Institute of Neuropathology, RWTH Aachen University Hospital, Pauwelsstr. 30, 52074, Aachen, Germany.
Leibniz-Institut für Analytische Wissenschaften-ISAS e.V, Otto-Hahn-Str. 6b, 44227, Dortmund, Germany.
Mol Neurobiol. 2016 Oct;53(8):5527-41. doi: 10.1007/s12035-015-9456-z. Epub 2015 Oct 14.
SIL1 acts as nucleotide exchange factor for the endoplasmic reticulum chaperone BiP. Mutations of SIL1 cause Marinesco-Sjögren syndrome (MSS), a neurodegenerative disorder. Moreover, a particular function of SIL1 for etiopathology of amyotrophic lateral sclerosis (ALS) was highlighted, thus declaring the functional SIL1-BiP complex as a modifier for neurodegenerative disorders. Thereby, depletion of SIL1 was associated with an earlier manifestation and in strengthened disease progression in ALS. Owing to the absence of appropriate in vitro models, the precise cellular pathophysiological mechanisms leading to neurodegeneration in MSS and triggering the same in further disorders like ALS are still elusive. We found that SIL1 depletion in human embryonic kidney 293 (HEK293) cells led to structural changes of the endoplasmic reticulum (ER) including the nuclear envelope and mitochondrial degeneration that closely mimic pathological alterations in MSS and ALS. Functional studies revealed disturbed protein transport, cytotoxicity with reduced proliferation and viability, accompanied by activation of cellular defense mechanisms including the unfolded protein response, ER-associated degradation pathway, proteolysis, and expression of apoptotic and survival factors. Our data moreover indicated that proteins involved in cytoskeletal organization, vesicular transport, mitochondrial function, and neurological processes contribute to SIL1 pathophysiology. Altered protein expression upon SIL1 depletion in vitro could be confirmed in Sil1-deficient motoneurones for paradigmatic proteins belonging to different functional classes. Our results demonstrate that SIL1-depleted HEK293 cells are an appropriate model to identify proteins modulated by SIL1 expression level and contributing to neurodegeneration in MSS and further disorders like ALS. Thereby, our combined results point out that proteins beyond such involved ER-related protein processing are affected by SIL1 depletion.

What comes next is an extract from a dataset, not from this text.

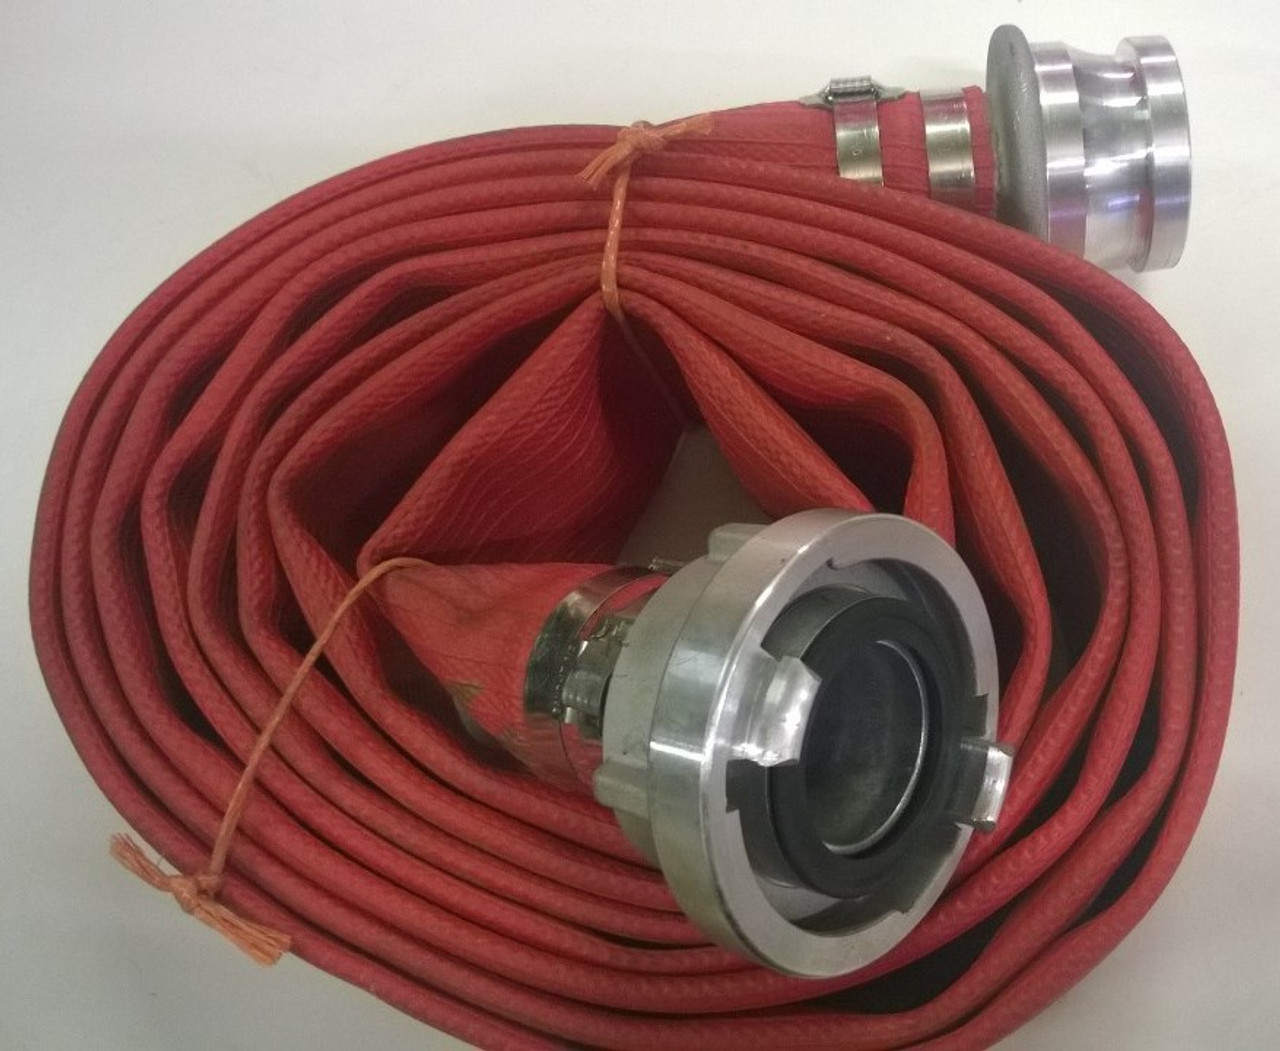 5m x 50mm (2 ½) Hydrant Hose, Male Instantaneous to 66mm Storz EU

SIL1 作为内质网伴侣蛋白 BiP 的核苷酸交换因子。SIL1 突变会导致 Marinesco-Sjögren 综合征(MSS),这是一种神经退行性疾病。此外,SIL1 对于肌萎缩侧索硬化症(ALS)的发病机制有特定的作用,从而将功能性 SIL1-BiP 复合物宣布为神经退行性疾病的修饰因子。因此,SIL1 的耗竭与 ALS 中疾病更早发作和更强疾病进展有关。由于缺乏适当的体外模型,导致 MSS 中神经退行性变和引发其他疾病(如 ALS)的精确细胞病理生理机制仍不清楚。我们发现,人胚肾 293(HEK293)细胞中 SIL1 的耗竭导致内质网(ER)的结构变化,包括核膜和线粒体的退化,这与 MSS 和 ALS 中的病理改变非常相似。功能研究显示,蛋白质运输受到干扰,细胞毒性降低,增殖和活力降低,同时激活细胞防御机制,包括未折叠蛋白反应、ER 相关降解途径、蛋白水解和凋亡及存活因子的表达。我们的数据还表明,参与细胞骨架组织、囊泡运输、线粒体功能和神经过程的蛋白质与 SIL1 的病理生理学有关。体外 SIL1 耗竭时涉及不同功能类别的典型蛋白的蛋白质表达改变可以在 Sil1 缺陷的运动神经元中得到证实。我们的结果表明,SIL1 耗竭的 HEK293 细胞是一种合适的模型,可以确定受 SIL1 表达水平调节并有助于 MSS 和其他疾病(如 ALS)神经退行性变的蛋白质。因此,我们的综合结果表明,除了涉及此类 ER 相关蛋白加工的蛋白质之外,SIL1 耗竭还会影响其他蛋白质。